I would give it a good wash, then throw it in your tank. I have used all kinds of found drift wood and found them all to be safe. Don't put it in any tanks with really sensitive fish at first, but otherwise go nuts. Just my opinion of course.


----------



## Johnnyfishtanks (Apr 21, 2010)

cpool said:


> I would give it a good wash, then throw it in your tank. I have used all kinds of found drift wood and found them all to be safe. Don't put it in any tanks with really sensitive fish at first, but otherwise go nuts. Just my opinion of course.

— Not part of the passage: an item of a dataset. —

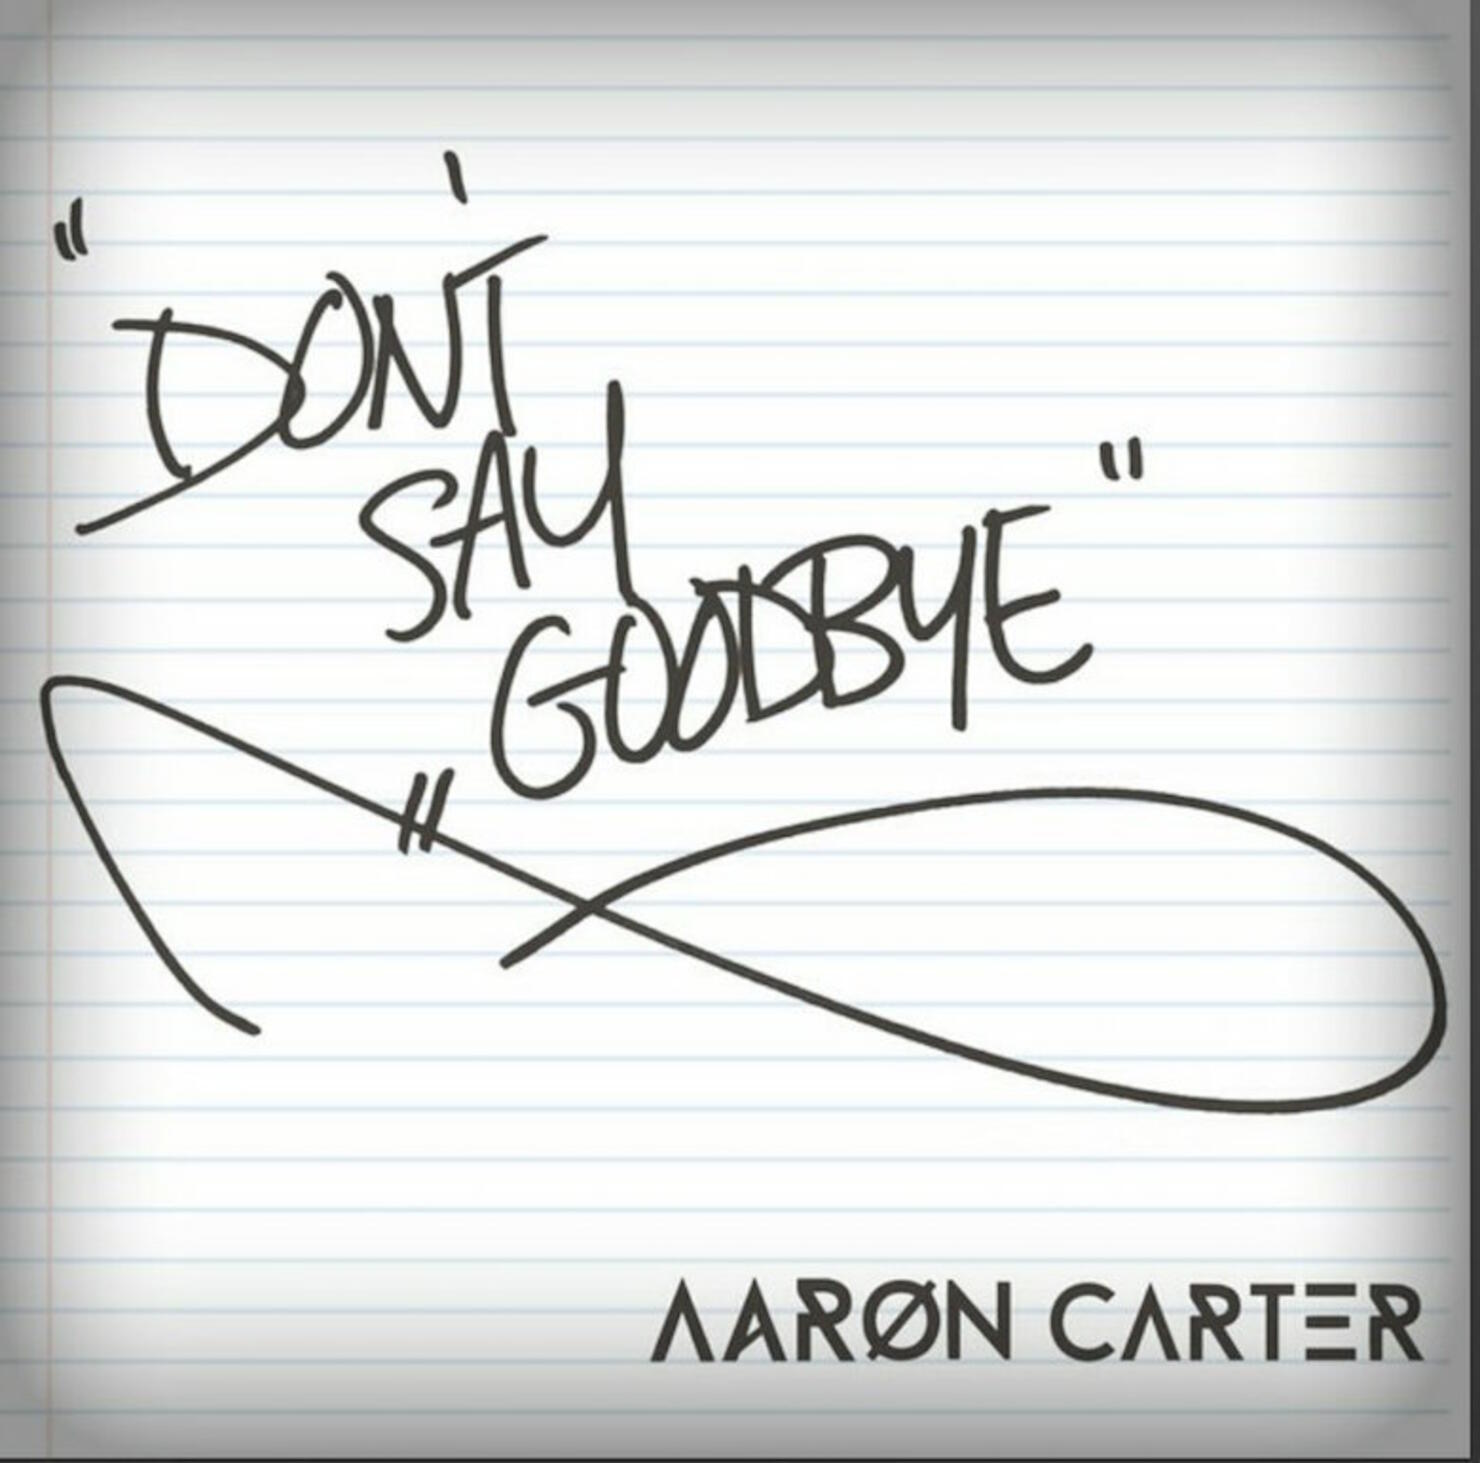 Aaron Carter - "Don't Say Goodbye"

have you used any real big pieces


----------



## Johnnyfishtanks (Apr 21, 2010)

anybody else


----------



## beN (Apr 21, 2010)

johnjohn ... ... L!$A and I have a huge peice also that leaks like a S.O.B. my thought on making sure its "aquarium safe" is..finding someone with a big boiler and boil it for an hour. (ei restaurant, still thinking where else)...


----------



## tony1928 (Apr 22, 2010)

It probably should be ok if you soak it in a big tub for a length period of time. I don't know what type of wood it is but I know that people say wood like cedar is bad for fish. Nice piece of wood though but always hard to know what it would do to fish if you aren't sure about the wood's source and what may have happened to it along the way.


----------



## Johnnyfishtanks (Apr 21, 2010)

how long does it take to water log big piece of driftwood


----------



## tony1928 (Apr 22, 2010)

Depends, some pieces take months if not longer. Depends on the size and density of the wood. Some wood may never sink due to its density and structure.


----------



## snow (Apr 21, 2010)

It's a nice looking piece but if your unsure best to just through it away or put it into your garden. You don't want to risk it in my opinion especially if it's not going to sink. Your puffer is to nice to risk being killed by something in that wood.....


----------



## GreenGanja (Apr 27, 2010)

i would not use it in a freshwater tank less you boil it but who knows if it will still be ok..
i see you put it in your tank already best of luck to ya 

lets us know how it go's

-Mike


----------



## darb (Apr 21, 2010)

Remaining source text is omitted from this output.